К несчастью, не все и из толстовцев были достаточно зрелы — по уму, летам и характеру — чтобы смиренно учиться, не придираясь к личной жизни учителя. Биографы свидетельствуют, что в зиму 1888-89 гг. некоторые из них, самые радикальные, вызывали Толстого на споры по поводу семейной его жизни, так или иначе вертящиеся вокруг евангельского постулата: «Враги человеку близкие его» (Опульская Л.Д. Материалы... 1886 – 1892. С. 147 - 148). Но чем больше они настраивали учителя “рубить по живому” Гордиев узел семейных противоречий: отречься от собственности, уйти из семьи — тем более Лев Николаевич убеждался в справедливости своей изначальной установки: «ближние», то есть люди, с которыми сейчас свела тебя судьба, это, в том числе и люди родственно близкие, члены семьи, и именно с ними, прежде всего, нужно сохранить хорошие отношения — даже в ущерб своему душевному покою. Начав, после большого перерыва, вести Дневник, среди первых же записей, под 23 ноября 1888 г., Толстой фиксирует и такую мысль:

«С женой тяжёлые отношения, распутать которые может только смиренная жизнь, как узел только покорное следование всем клубком за ниткой» (50, 4).

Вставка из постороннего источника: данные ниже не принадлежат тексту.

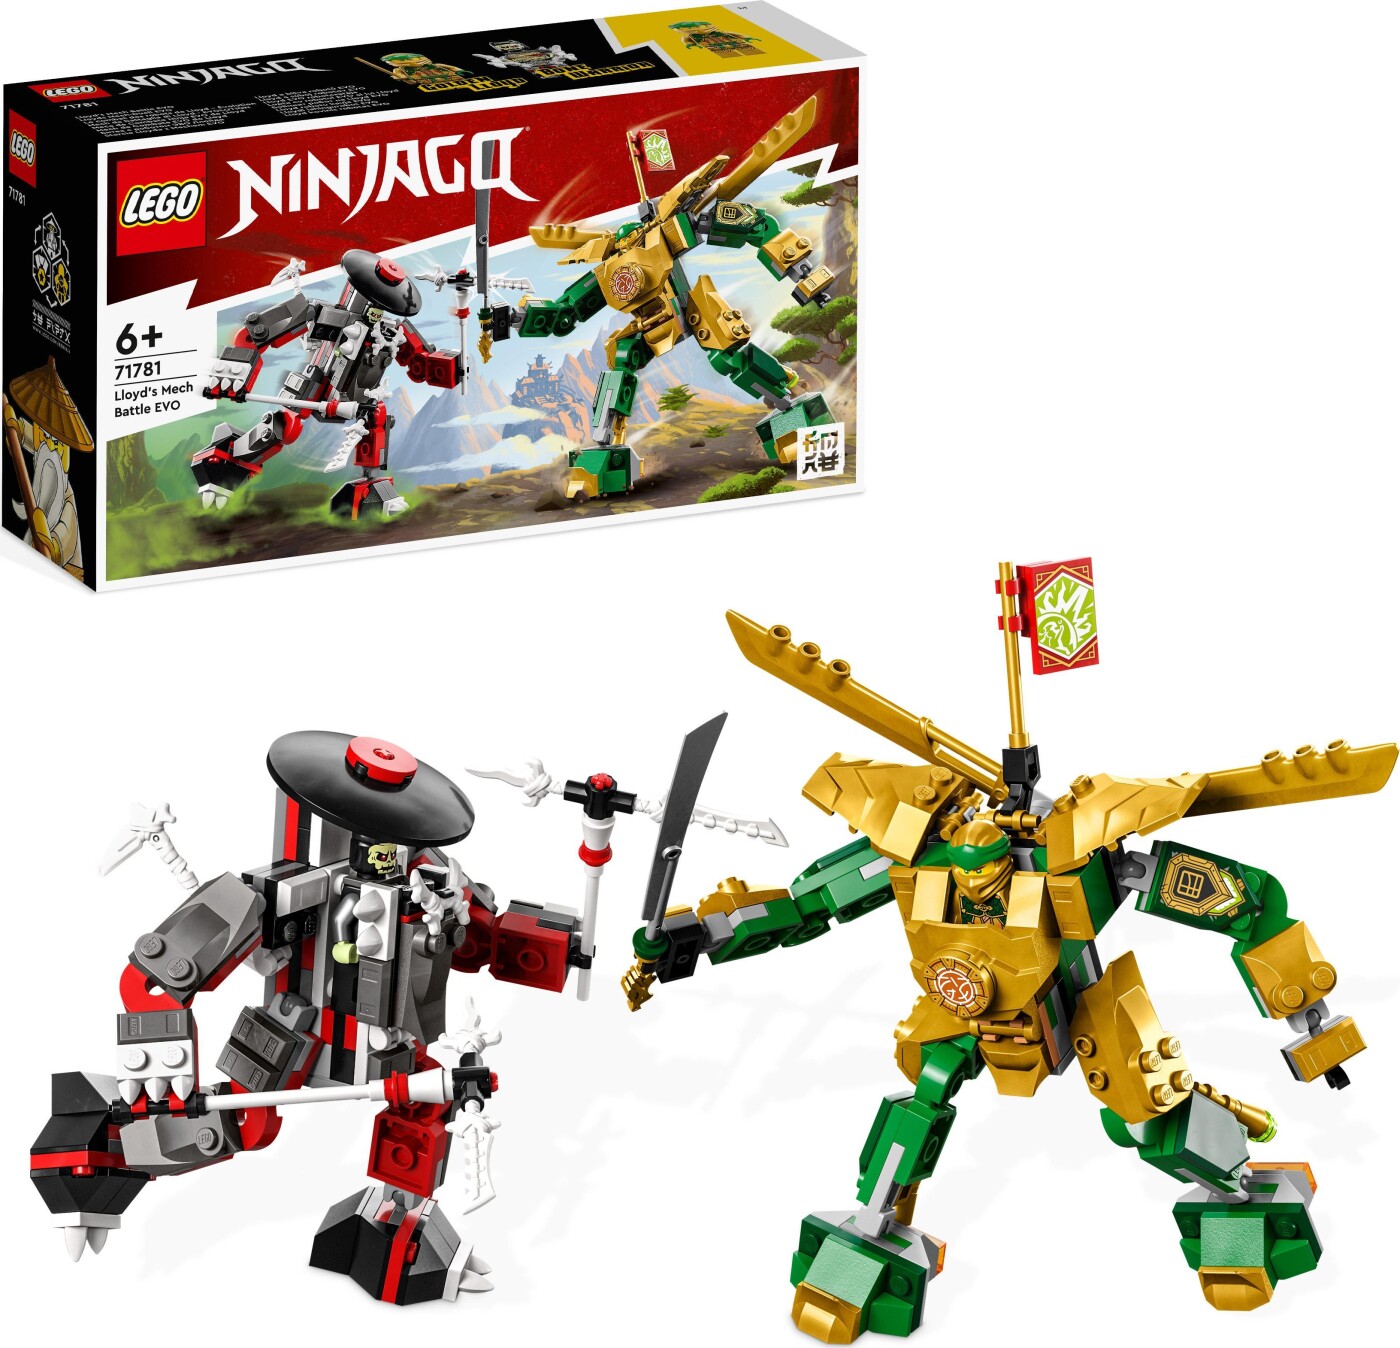 Lego Ninjago - Lloyds Robotkamp Evo - 71781 | tilbud og køb på Gucca.dk

Сложной системой консенсусов, уступок семье и окружающей действительности Толстой вырвал у судьбы необходимую передышку. Но радости о ней мы находим больше в Сонином дневнике 1887 года, цитированном нами выше, нежели в мемуарах, писанных через 20-ть лет — тогда, когда Соня уже знала, помнила, что воин не сложил оружия, и за привалом у старого артиллерийского офицера были новые и новые бои… Не с людьми и не с общественными институтами, а со злом и обманом в устройстве общей жизни. В той степени, в какой с этими обманами и злом ошибочно, а зачастую и сознательно, небескорыстно, соединяли себя люди — доставалось трёпки и им. Но это не было нарушением Толстым христианского закона непротивления: скорее, это была невозможность даже для опытного артиллериста не задеть «выстрелами» своей критики тех, кто не только не помогает ему, но и не бережётся, а хватается в повседневной жизни за то, что должно быть уничтожено торжеством христианского религиозного понимания жизни.

   Понять солдата лучше всего может другой солдат… Современный нам исследователь, полковник Рик Мак-Пик, преподаватель в военной академии Вест-Пойнт (США), в своём очерке рассуждает о Толстом и его христианском «походе» так:

  «Его философия войны и мира не оставляет камня на камне от традиционных критериев успеха в вооружённом конфликте, в том числе таких, как патриотизм, героизм и победа […]. В универсальной системе координат, предложенной им […], когда люди выбирают насилие для решения какой-либо проблемы, проигрывают все, живущие на земном шаре. Для Толстого настоящая битва происходит в духовной сфере. Поэтому единственная приемлемая стратегия для духовного воина – это отказ брать в руки оружие, а истинная мера победы – количество душ, спасённых от насильственной смерти. < Добавим от себя: и от рабства у мирских установок. – Р. А.> Стоит ли удивляться, что редкие нации и индивидуумы откликнулись на громкий призыв к миру этого великого воина» (Мак-Пик, Р. Толстой: боец за мир // Лев Толстой и мировая литература: Материалы 5-й Международной научной конференции, проходившей в Ясной Поляне 12-16 августа 2007 г. – Тула, 2008. – С. 39-45. Выделение наше. – Р. А.).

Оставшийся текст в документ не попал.